只是此事关乎重大,心中混乱之间,公羊猛随口问了一句,想先岔开话题再说,“那……那六煞鞭煞呢?”

        “你不知道吗?”

        听公羊猛这么问,戚明应面上神情更是诧异,彷佛像听到什么令他不敢相信的问题一般,“从出手来看,你该是老六的传人吧?杜老六他现在怎么样了?”

        听到戚明应这话,不只公羊刚,连方家姊妹的眼神也转到公羊猛身上了,方语纤甚至已忍不住开了口,“师兄……你的武功……飘风剑法……不是本谷风师伯所传的吗?”

        听到“杜老六”这称呼,公羊猛心下想不惊都不行;难不成当年隐于逸仙谷,虽没有教授自己招式武功,却在旁协助,让自己把所学的武功好生磨练、让自己在这般短短辰光,武功便足与彭明全、剑明山等高手相提并论的杜明岩,竟然也与天绝六煞有关?

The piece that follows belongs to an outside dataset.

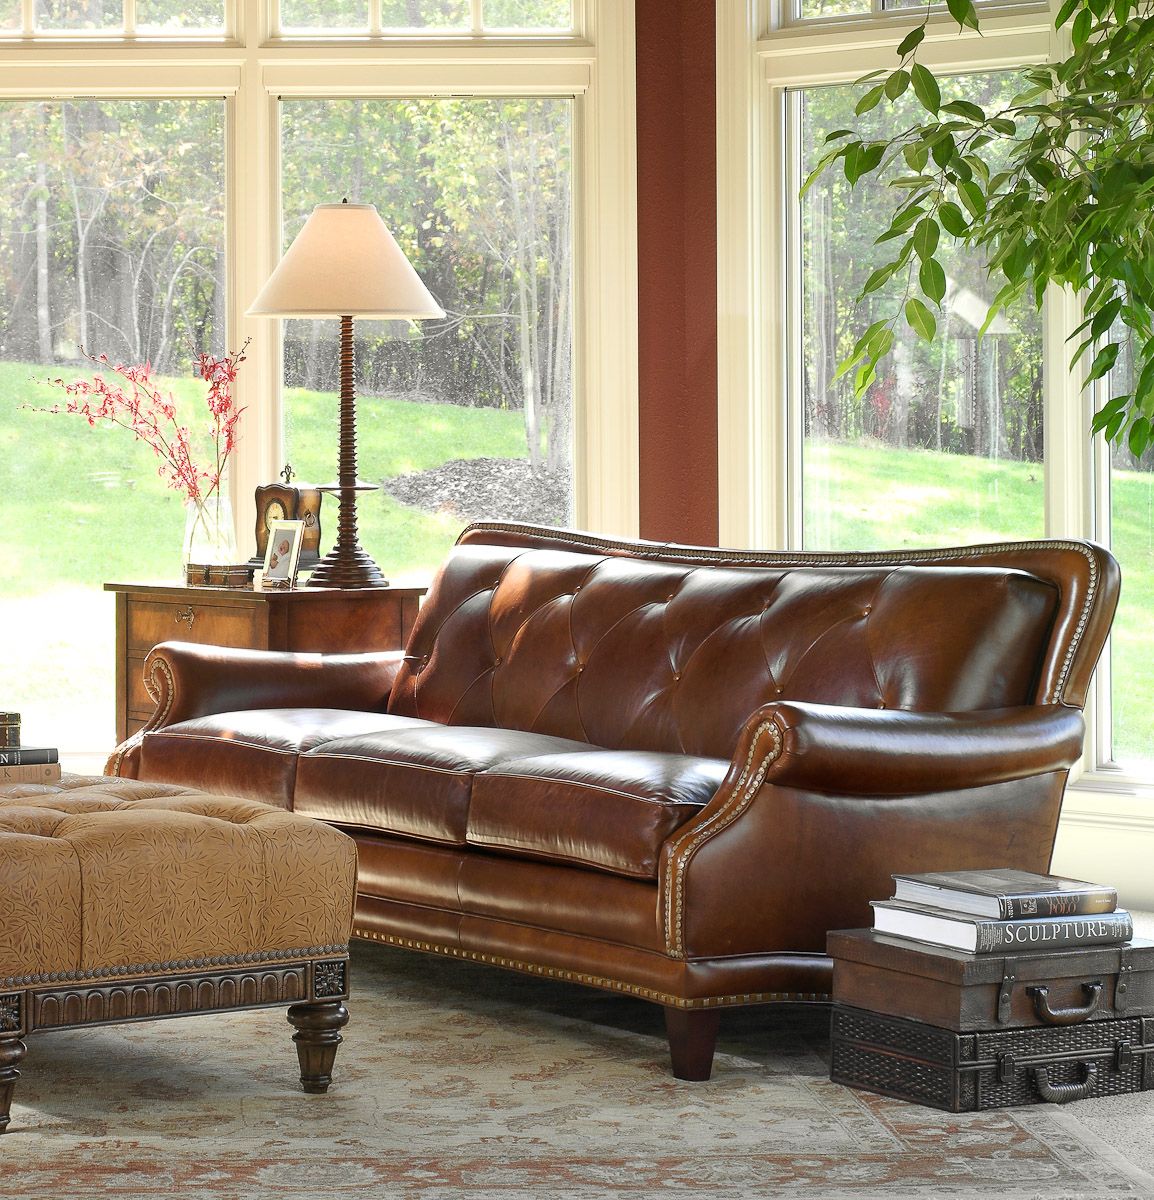 Living Room Leather Furniture Within Sofa Chairs For Living Room (View 3 of 15)

        好半晌他才小声地开了口,“除了风师父之外,我另有一个杜师父,名讳上明下岩,当年杜……杜师父受风师父所伤,隐于逸仙谷内,教授在下武功。若非杜师父严加教导,只怕在下也不会有今天的成就……”

        听到公羊猛这么说,点了点头的戚明应已接下了话头,“杜老六受天资所限,无法修练内功,所以他特意磨练招式,讲究以身法、动作与招式的配合,发挥招式自身的威力,纯以招式克敌致胜。他老是说只有被自己彻底磨练过的招式,才是最最适合自己、最能克敌致胜的招式,他自己的鞭法虽然不怎么样,就算传了人也难成高手,但受他教导之人的出手招式之间,却明显看得出痕迹;方才你一出手,我就看出来了,你虽走的是大风云剑法的路子,招式却是凝练严谨,身法出手与招式配合无间,所练虽是老大的功夫,磨练招式却是老六的做法,以你这样练武,与老四、老五他们确实可以平分秋色,虽说是最为刻苦磨练的一条路,却也是最有进展的捷径。”

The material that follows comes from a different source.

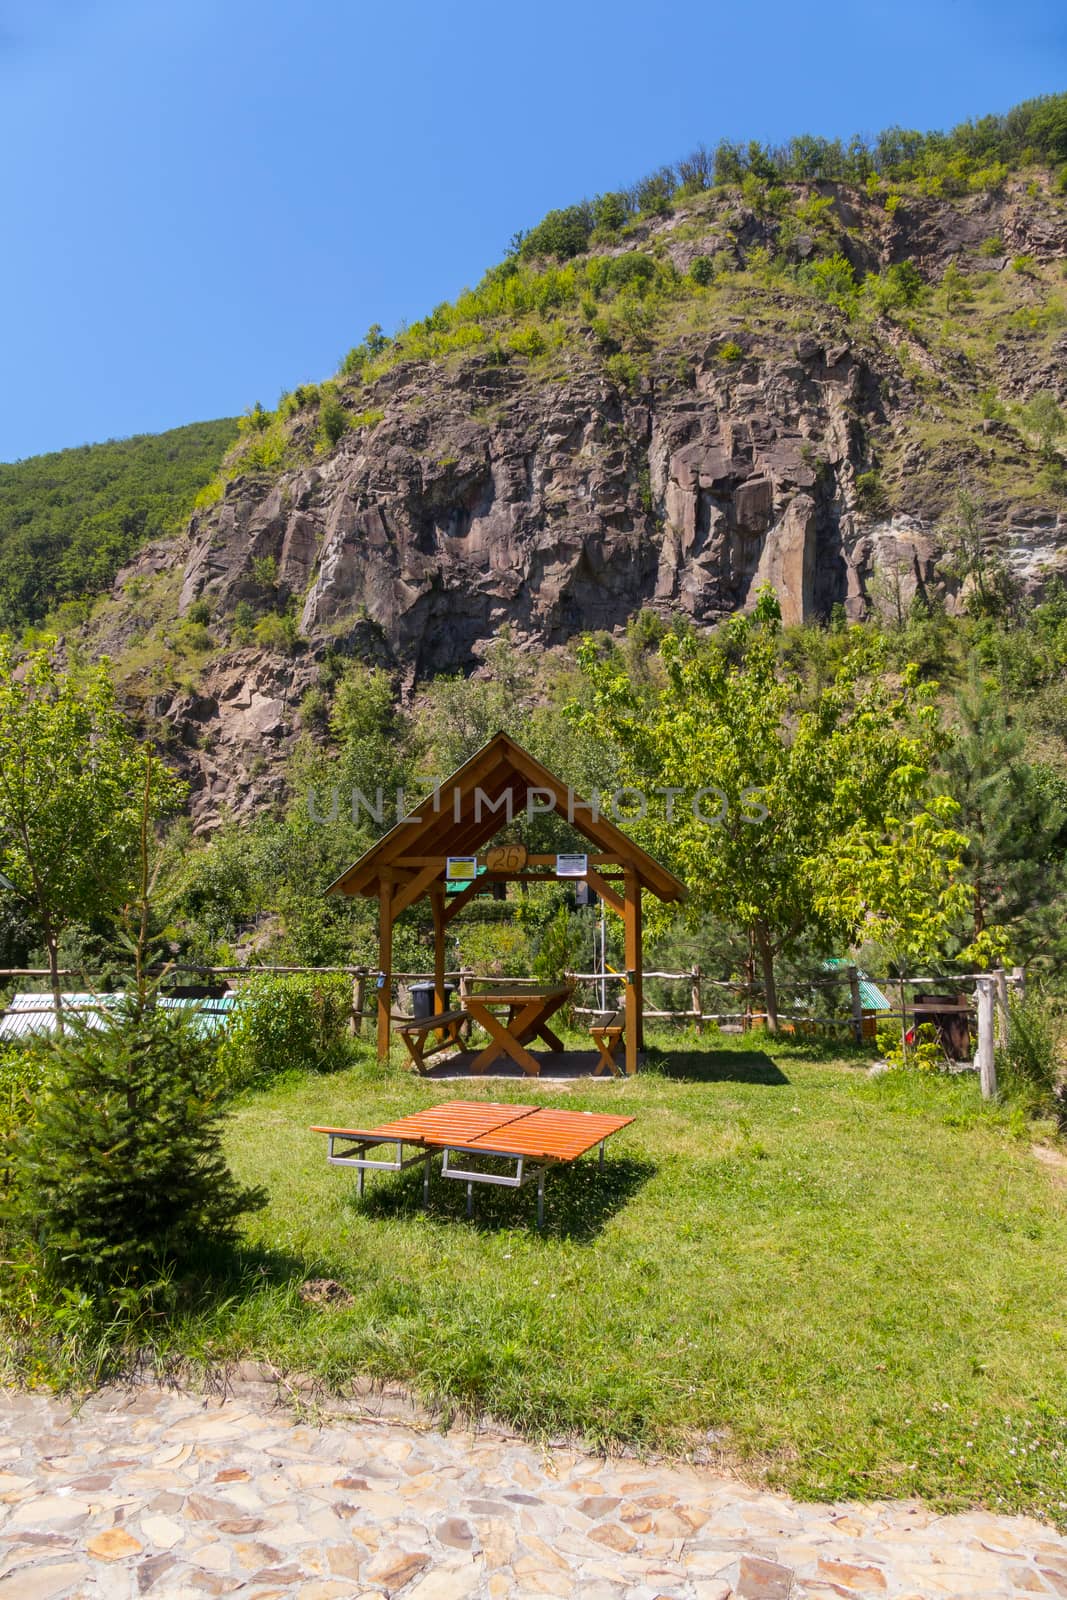 Green recreation area with gazebo and sun beds against the backdrop of a rocky mountain

        听戚明应这么说,公羊猛忍不住垂下了头,接下来的话差点没法开口,好不容易才说了出来,“杜师父那时受风师所伤,内腑伤得颇重,已在一年多前逝世……”

        “原来如此,原来如此……”

        听到公羊猛这么说,戚明应先是一顿,良久才终于开了口,一句“原来如此”重复了好几遍,声音中透着无比的伤感。